Software RAID issues (was Re: Suggestions solicited, server bring up)
Ben Scott
dragonhawk at gmail.com
Sat Nov 21 18:00:20 EST 2009
On Sat, Nov 21, 2009 at 11:40 AM, Bruce Labitt
<bruce.labitt at myfairpoint.net> wrote:
> Bill, why not RAID-5? Isn't RAID-5 supposed to be ultra-reliable?
RAID 5 is not more reliable than RAID 1. Both can survive the
failure of a single physical disk; both will fail if two disks fail.
Mirror (RAID 1) is simple enough: Each logical block in the RAID
volume gets written to two identical physical disks. Effective
capacity is one disk. Either disk can be read. Read performance can
be twice a single disk (since you can interleave reads between two
physical disks). Write performance will at best be no worse than a
single disk, but in practice is often worse, because the hardware only
has one I/O channel to the disk.
RAID 5 is a stripe set with parity. You need at least three disks;
all disks are identical. Effective capacity = (number of disks minus
one) times (size of each disk). In theory, read performance can be
faster than a single disk, because you're spreading the I/O across
multiple disks. In practice, limited I/O channels (can only
read/write one disk at a time) usually mean reads aren't faster.

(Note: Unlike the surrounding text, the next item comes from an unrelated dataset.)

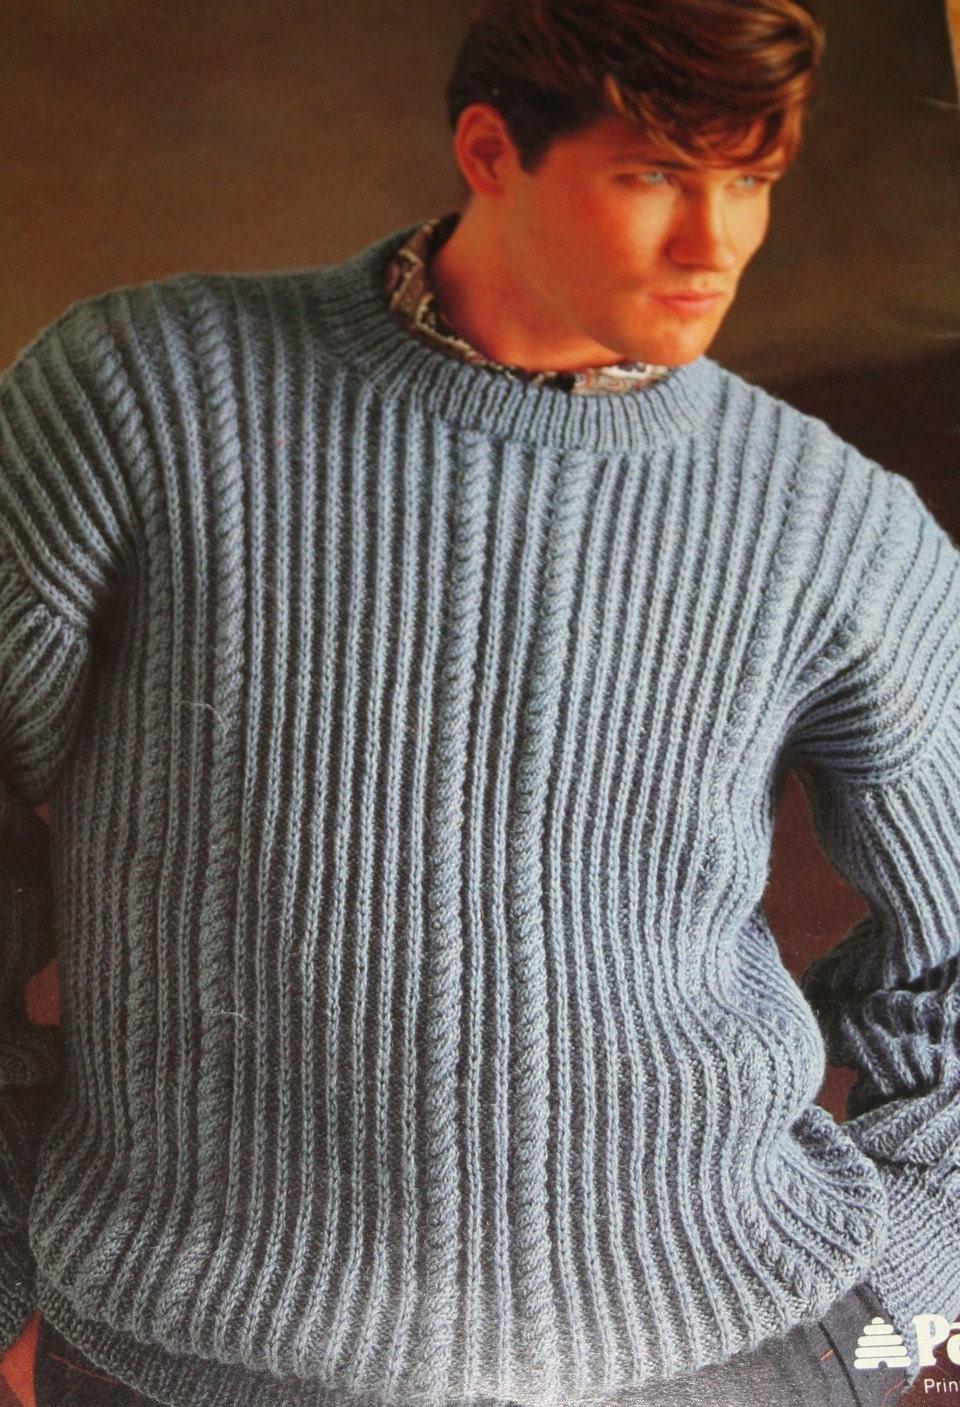 Knitting Patterns Sweaters Men Women Dk Weight Yarn

Writes are usually slower. This is due to the need to generate parity
on writes. Most RAID implementations work on groups of blocks (called
"stripes"). The OS writes a block. The RAID has to read multiple
stripes, change that one block, recalculate the parity for all the
stripes, and then write the changed stripes back out again. A
controller can compensate for this with parallel I/O, a fast ASIC (to
do vector XOR in hardware), and lots of cache, but such controllers
are expensive and usually still have trouble keeping up with a single
disk.
RAID 5 made more sense back when disks are smaller. With single
disks well over a terabyte these days, the scenarios where RAID 5
makes sense are few. Most of the time, most people's data will fit on
a single mirror. If you really do need more than 2 TB or so you can
fit on a mirror, chances are you need more performance than RAID 5 can
give you. A stripe set of mirrors ("RAID 10") is typically preferred.
Rebuild time is also a concern. If your mirror (RAID 1) fails, you
replace the failed disk, and copy the good disk to the new disk. If a
RAID 5 disk fails, you have to re-read every remaining disk to
regenerate the failed disk. Especially on a cheap controller, this is
*SLOW*.
> As in hot swap disks?
Hot swap is a property of the disk controller, not the RAID level.
You can do software RAID 5 on a system that doesn't support hot swap.
A lot of modern SATA hardware support hot swap even without RAID.